- 2013.08.27
- インタビュー・対談
堀井憲一郎さんトークショーレポート
「本の話」編集部
『ホリイのずんずん調査 かつて誰も調べなかった100の謎』 (堀井憲一郎 著)
ジャンル :
#ノンフィクション
『ホリイのずんずん調査 かつて誰も調べなかった100の謎』の刊を記念して、堀井憲一郎さんのトークショーが行われました。1995年から2011年まで長期にわたって「週刊文春」に連載された「ホリイのずんずん調査」の裏話から、連載をまとめた本書の制作裏話まで。爆笑トークをお楽しみください。
1995年、連載スタート
司会 血と汗と涙の結晶ともいうべき『ホリイのずんずん調査 かつて誰も調べなかった100の謎』を刊行された、堀井憲一郎さんです。
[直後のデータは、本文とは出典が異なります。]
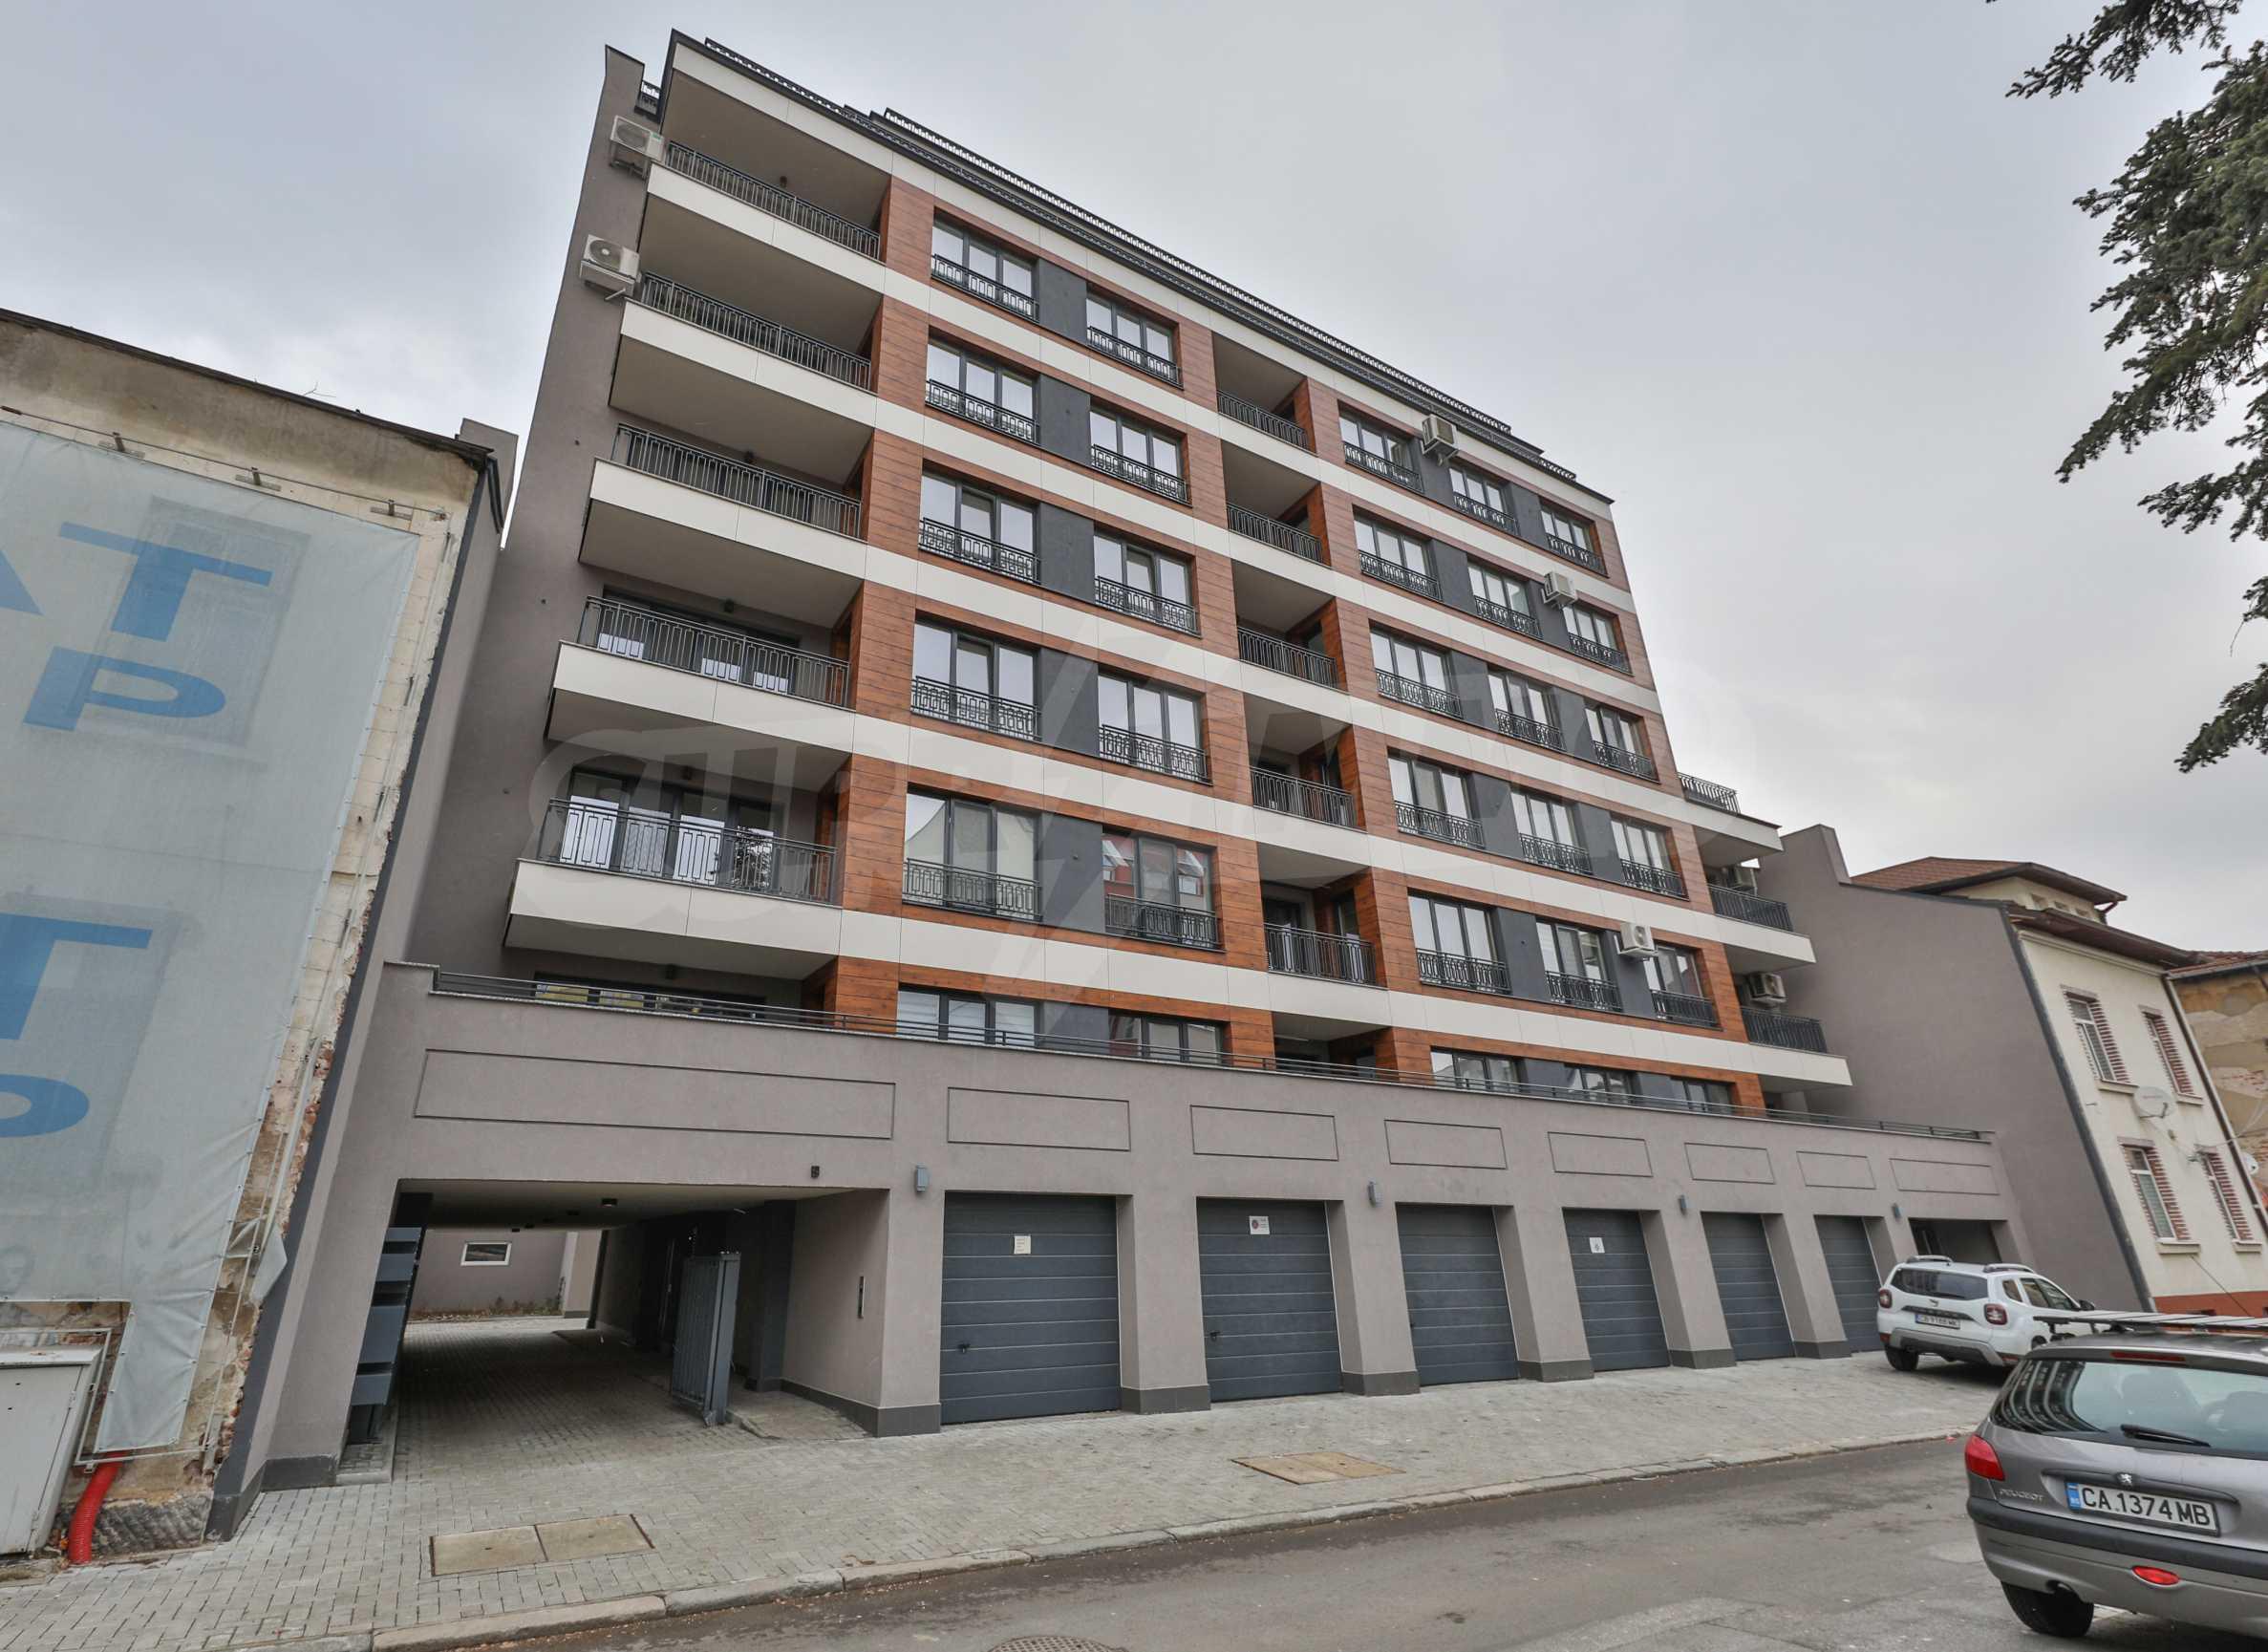 Нов, дизайнерски обзаведен двустаен апартамент с гараж в Центъра до метростанция и парк 16
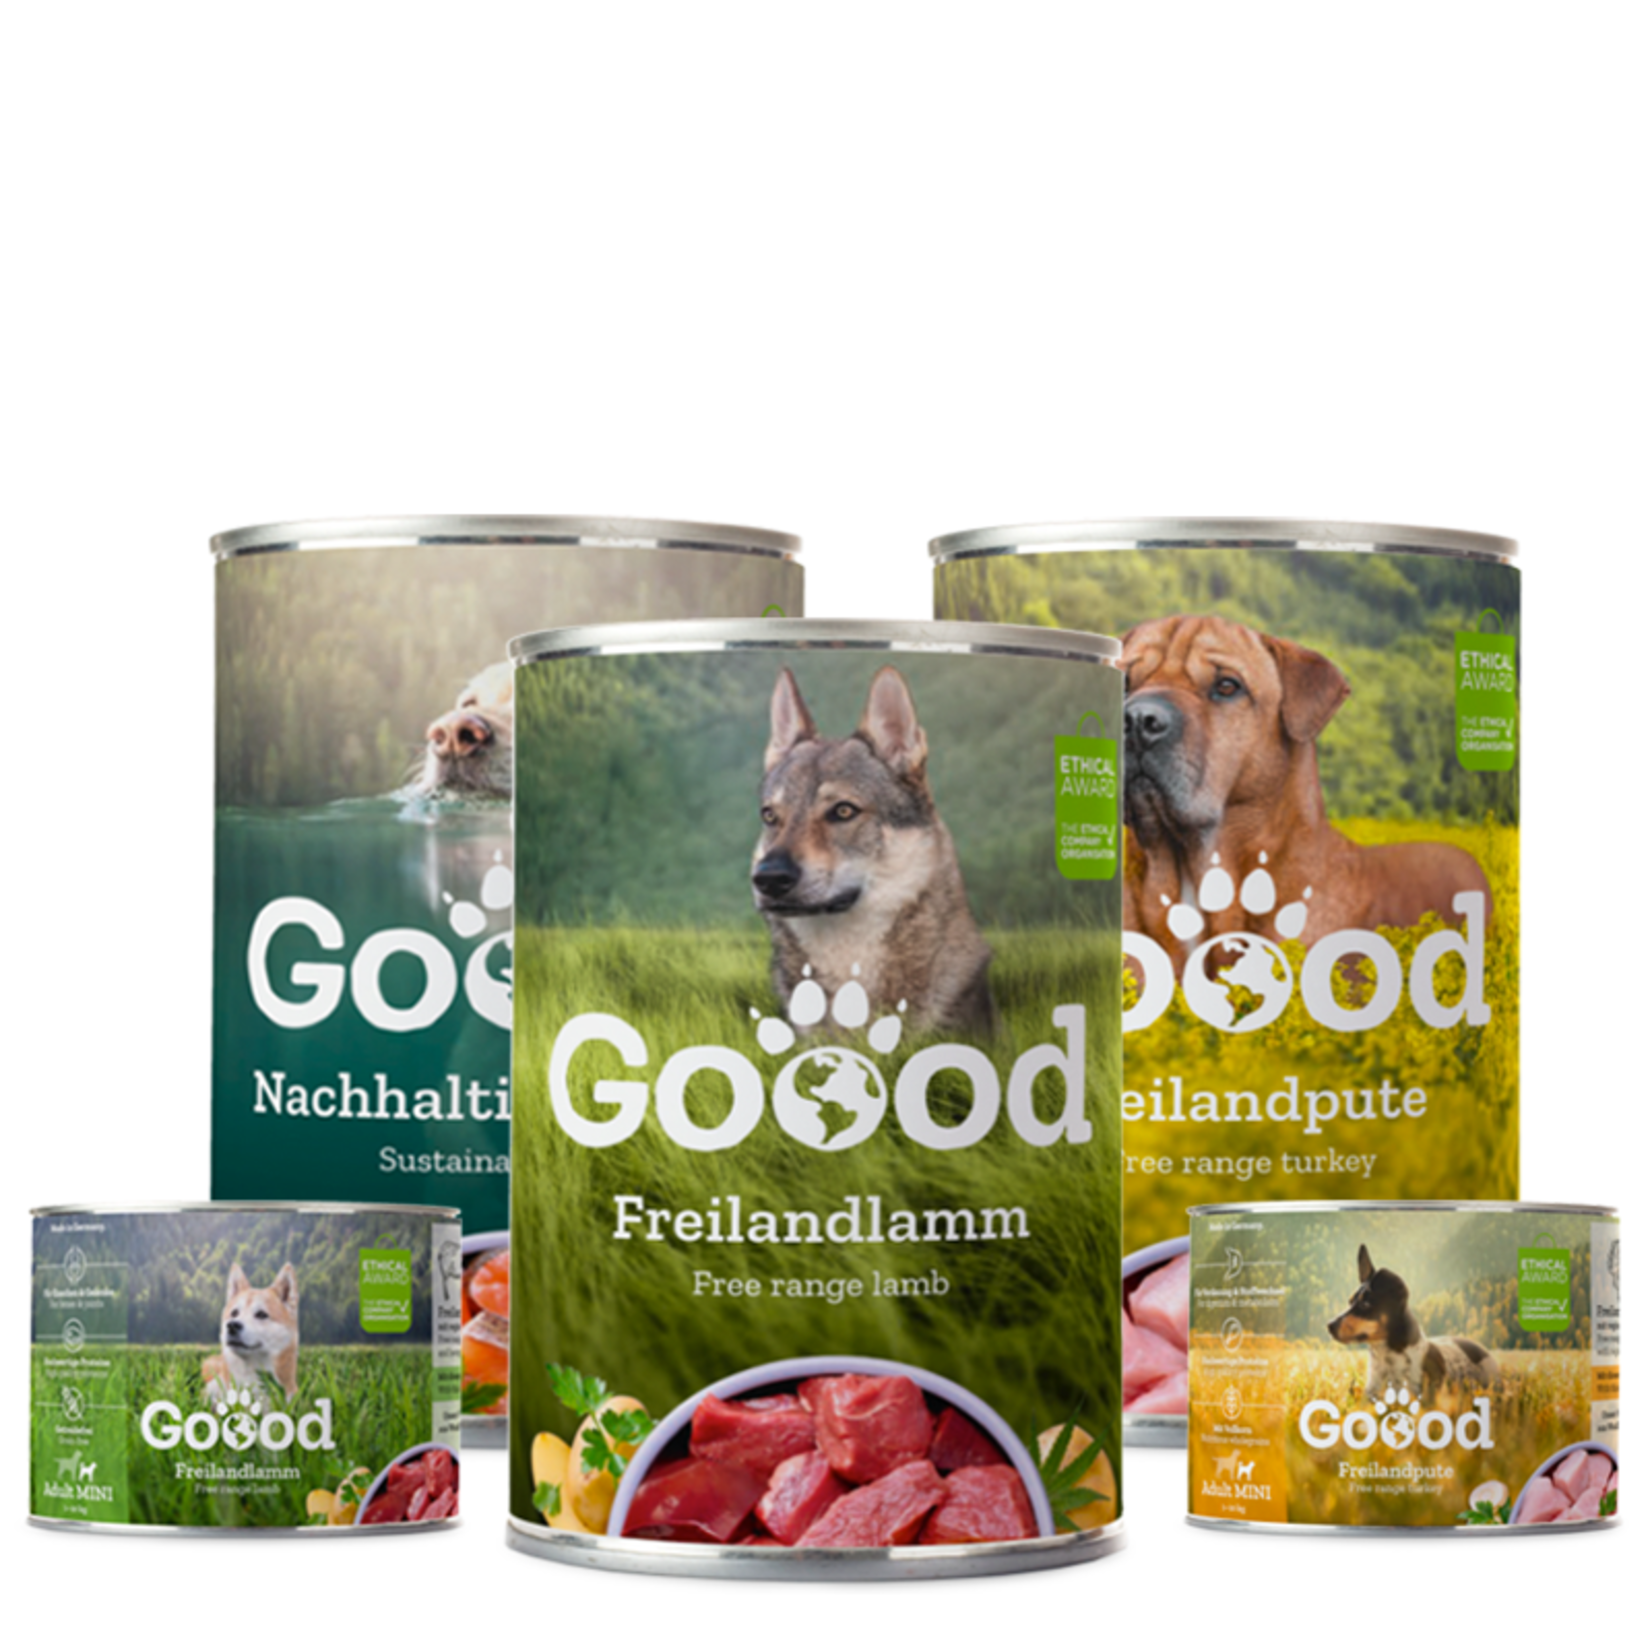 Goood Pet Food Zorg goed voor jouw Homie tijdens jouw reis

堀井 (会場の人数を数えながら)1、2、3……、「二十四の瞳」といった感じでしょうかね、今日は。(場内爆笑)わざわざ、この秘密クラブにようこそ(笑)。今日は皆さんからもどんどん質問をいただければと。
司会 この本は、週刊文春の連載「ホリイのずんずん調査」をまとめたものですね。連載が始まったのが1995年です。どのようないきさつで始まったのでしょうか?
堀井 週刊文春の編集者から「連載をやってくれませんか」と頼まれて。その前に女性誌の「CREA」で記事を書いたことがあって。内容は、映画の分析と、NHKののど自慢を1年間分調べるとかで。その編集の人、平尾さんといって、当時の編集長で、いま社長だそうですね。私を見つけてくれたひとが(笑)。1995年の3月、オウム真理教のサリン事件のちょうど後くらいだったですよ。
司会 週刊誌の連載が始まってどんな気持ちでしたか?
堀井 当時まず思ったのな、「文春で連載するんだから、地方とか行って忙しくなるだろうから、携帯電話を買わないといけない」と。9万円しました。それを当時、飲んだとき失くして、届け出たらまたもらえるのかと思ったら「6万円払え」と言われましたねえ。それくらい、携帯電話が高い時代でした。あと、いまちょうど1994年のドラマを調べてるんですけど、携帯電話が出てきてないですね。使っていてもヤクザとかで、「携帯はカタギは使わない」という時代があったんです(笑)。まあ、2~3年であっという間に携帯電話は世の中に普及しましたけどねえ。
司会 当時はまだポケベルもありましたよね。
堀井 そう。ですから当時のバイトへはポケベルで連絡してました。事務所にポケベルの「文字変換表」を貼ってました。「1+1」が「あ」で「1+2」が「い」とかで、それで指示を出すんですよ。まあ、短い指示しか出せないんですけどね。
司会 懐かしい時代ですね。連載ですが、そもそも最初から、調べもの、調査の内容でいこうという感じだったんでしょうか?
堀井 「TVブロス」とか「週刊漫画アクション」で、調べるということをいろいろやっていて、1993年に『ホリイの調査』という本も出していましたからね。その調査でやろうとしたんですが……。週刊文春ということで、「舞台」がデカくて、なかなか書けなくて苦労した思い出がありますね。
司会 第1回目の調査は、野球ネタでした。
堀井 はい。「バッターが打ってから、どれだけバットを遠くまで飛ばすか」。東京ドームに行って、バックネットからビデオカメラを回して撮影しました。で、概算の数字で、誰がボールではなく、バットを遠くまで放るかの距離を出したんです。でまあ、数えて数字は出たんですけどね、文章が書けなくて。で、第1回目の締め切りが過ぎた時に、当時の編集者が、勝手に鍵開けて、部屋に上がってきましたからね(笑)
司会 一体、どうやって?
堀井 マンションの管理人に頼み込んでね。「中で、倒れているかもしれないから」と。後にも先にも、編集者が部屋に勝手に入りこんできたのは、このときだけですね(笑)。この第1回目の締め切りのときは、編集長から「週刊文春を潰す気でしょうか?」というFAXも来ましたねえ(笑)
司会 それはたいへんな連載第1回でしたねえ。
堀井 編集者も締め切りについて、上手にだましてくれてるんだろうけれど、こちらもねいろいろ考えてね。「寝る前には書きますから」と答えたりとかして。どちらかというと、追い詰められないと書けないタイプなので。編集者が電話の向こうで、メチャクチャ怒っているような姿を想像して書くという感じでしたねえ。
司会 調査の中で、大がかりなものは、結構、学生アルバイトの人を使っていましたよね?
堀井 最初、バイトは1人だったんですけど、文藝春秋さんだから、経費を出してくれるでしょうということで増えていって。それがその後どんどん大変なことになっていくわけですけれど(笑)。とりあえず、月曜日から金曜日まで、毎日ひとりバイトに来てもらうようにして。